Authored by Amie Dahnke via The Epoch Times (emphasis ours),

People with inadequate iron levels in their blood due to a COVID-19 infection could be at greater risk of long COVID.

(Shutterstock)

A new study indicates that problems with iron levels in the bloodstream likely trigger chronic inflammation and other conditions associated with the post-COVID phenomenon. The findings, published on March 1 in Nature Immunology, could offer new ways to treat or prevent the condition.

Long COVID Patients Have Low Iron Levels

Researchers at the University of Cambridge pinpointed low iron as a potential link to long-COVID symptoms thanks to a study they initiated shortly after the start of the pandemic. They recruited people who tested positive for the virus to provide blood samples for analysis over a year, which allowed the researchers to look for post-infection changes in the blood. The researchers looked at 214 samples and found that 45 percent of patients reported symptoms of long COVID that lasted between three and 10 months.

In analyzing the blood samples, the research team noticed that people experiencing long COVID had low iron levels, contributing to anemia and low red blood cell production, just two weeks after they were diagnosed with COVID-19. This was true for patients regardless of age, sex, or the initial severity of their infection.

According to one of the study co-authors, the removal of iron from the bloodstream is a natural process and defense mechanism of the body.

But it can jeopardize a person’s recovery.

When the body has an infection, it responds by removing iron from the bloodstream. This protects us from potentially lethal bacteria that capture the iron in the bloodstream and grow rapidly. It’s an evolutionary response that redistributes iron in the body, and the blood plasma becomes an iron desert,” University of Oxford professor Hal Drakesmith said in a press release. “However, if this goes on for a long time, there is less iron for red blood cells, so oxygen is transported less efficiently affecting metabolism and energy production, and for white blood cells, which need iron to work properly. The protective mechanism ends up becoming a problem.”

The research team believes that consistently low iron levels could explain why individuals with long COVID continue to experience fatigue and difficulty exercising. As such, the researchers suggested iron supplementation to help regulate and prevent the often debilitating symptoms associated with long COVID.

It isn’t necessarily the case that individuals don’t have enough iron in their body, it’s just that it’s trapped in the wrong place,” Aimee Hanson, a postdoctoral researcher at the University of Cambridge who worked on the study, said in the press release. “What we need is a way to remobilize the iron and pull it back into the bloodstream, where it becomes more useful to the red blood cells.”
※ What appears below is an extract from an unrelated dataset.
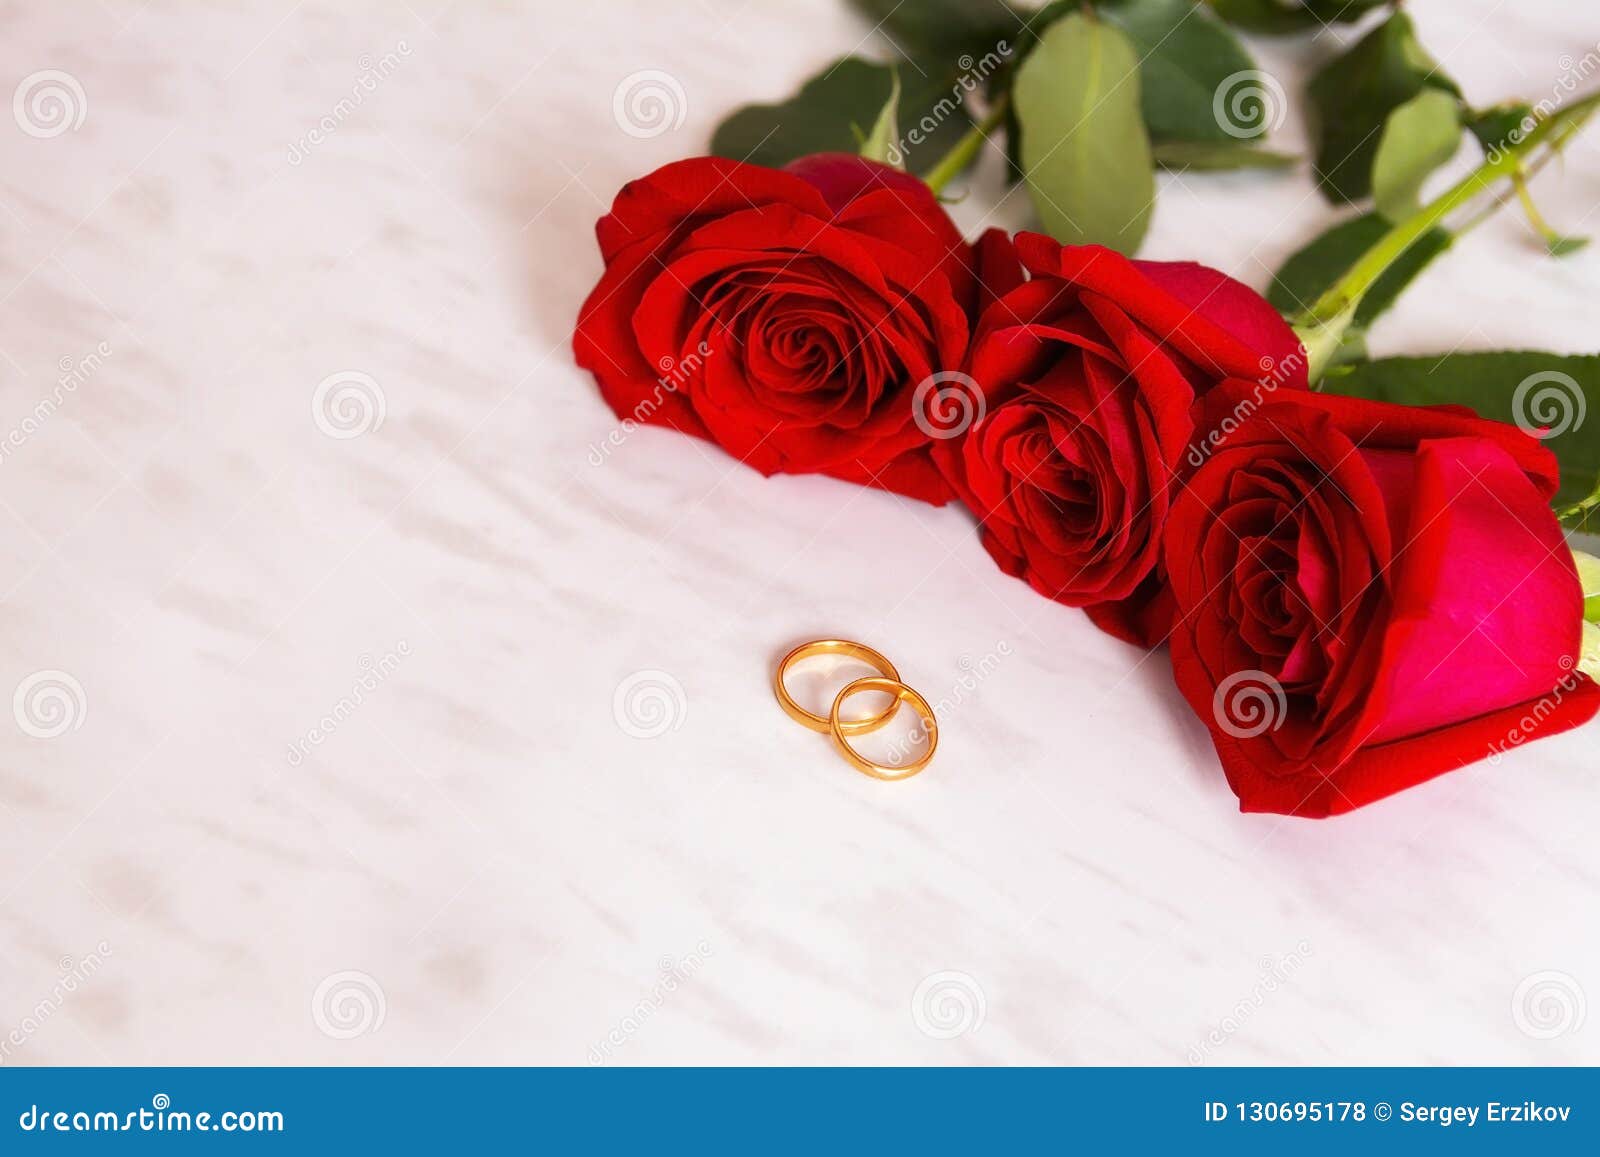 Zwei Eheringe Rote Rosen Fotos Kostenlose Und Royalty Free Stock Fotos Von Dreamstime
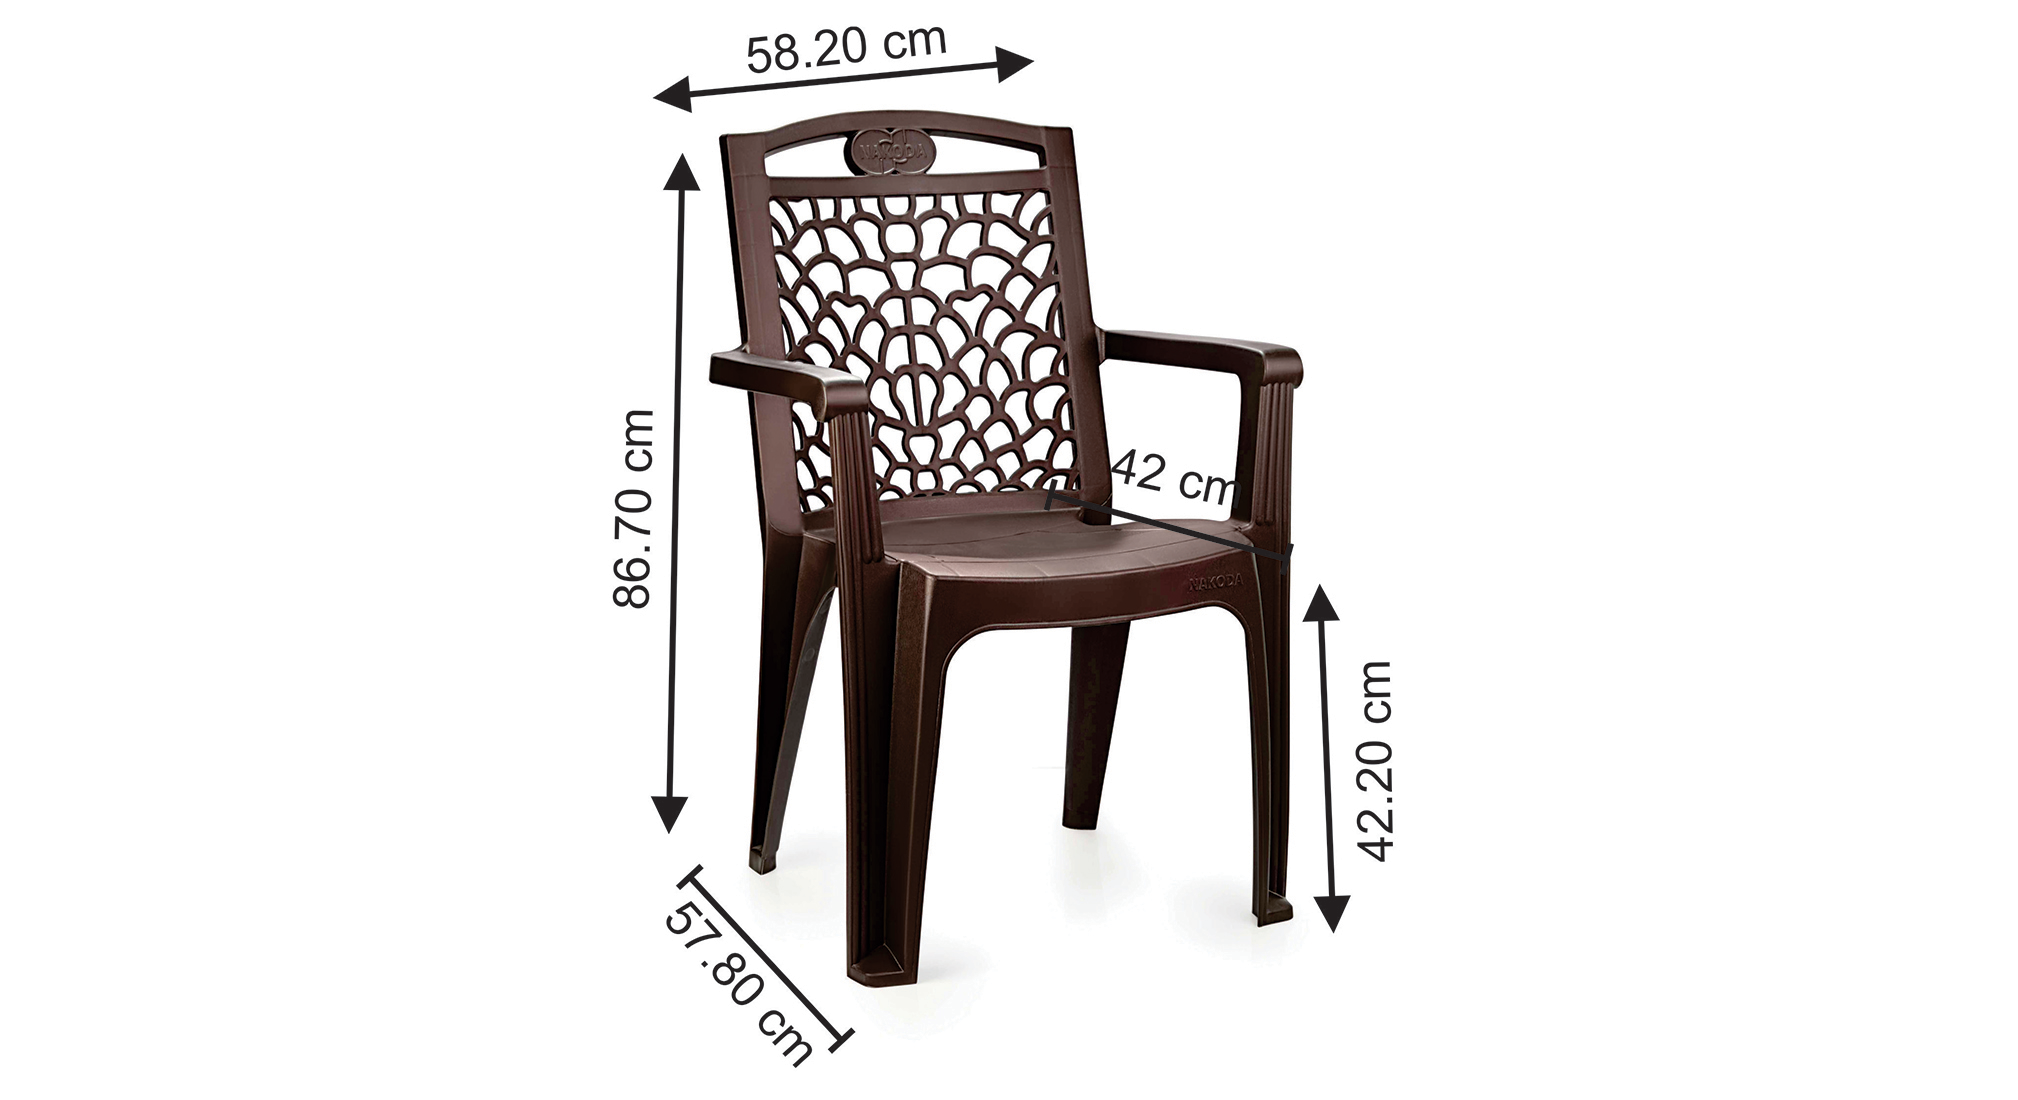 Clinton plastic chair in brown colour 5

The research team pointed out that iron supplementation isn’t always straightforward. Achieving the right level of iron varies from person to person. Too much iron can cause stomach issues, ranging from constipation, nausea, and abdominal pain to gastritis and gastric lesions.

1 in 5 Still Affected by Long COVID

COVID-19 has affected nearly 40 percent of Americans, with one in five of those still suffering from symptoms of long COVID, according to the U.S. Centers for Disease Control and Prevention (CDC). Long COVID is marked by health issues that continue at least four weeks after an individual was initially diagnosed with COVID-19. Symptoms can last for days, weeks, months, or years and may include fatigue, cough or chest pain, headache, brain fog, depression or anxiety, digestive issues, and joint or muscle pain.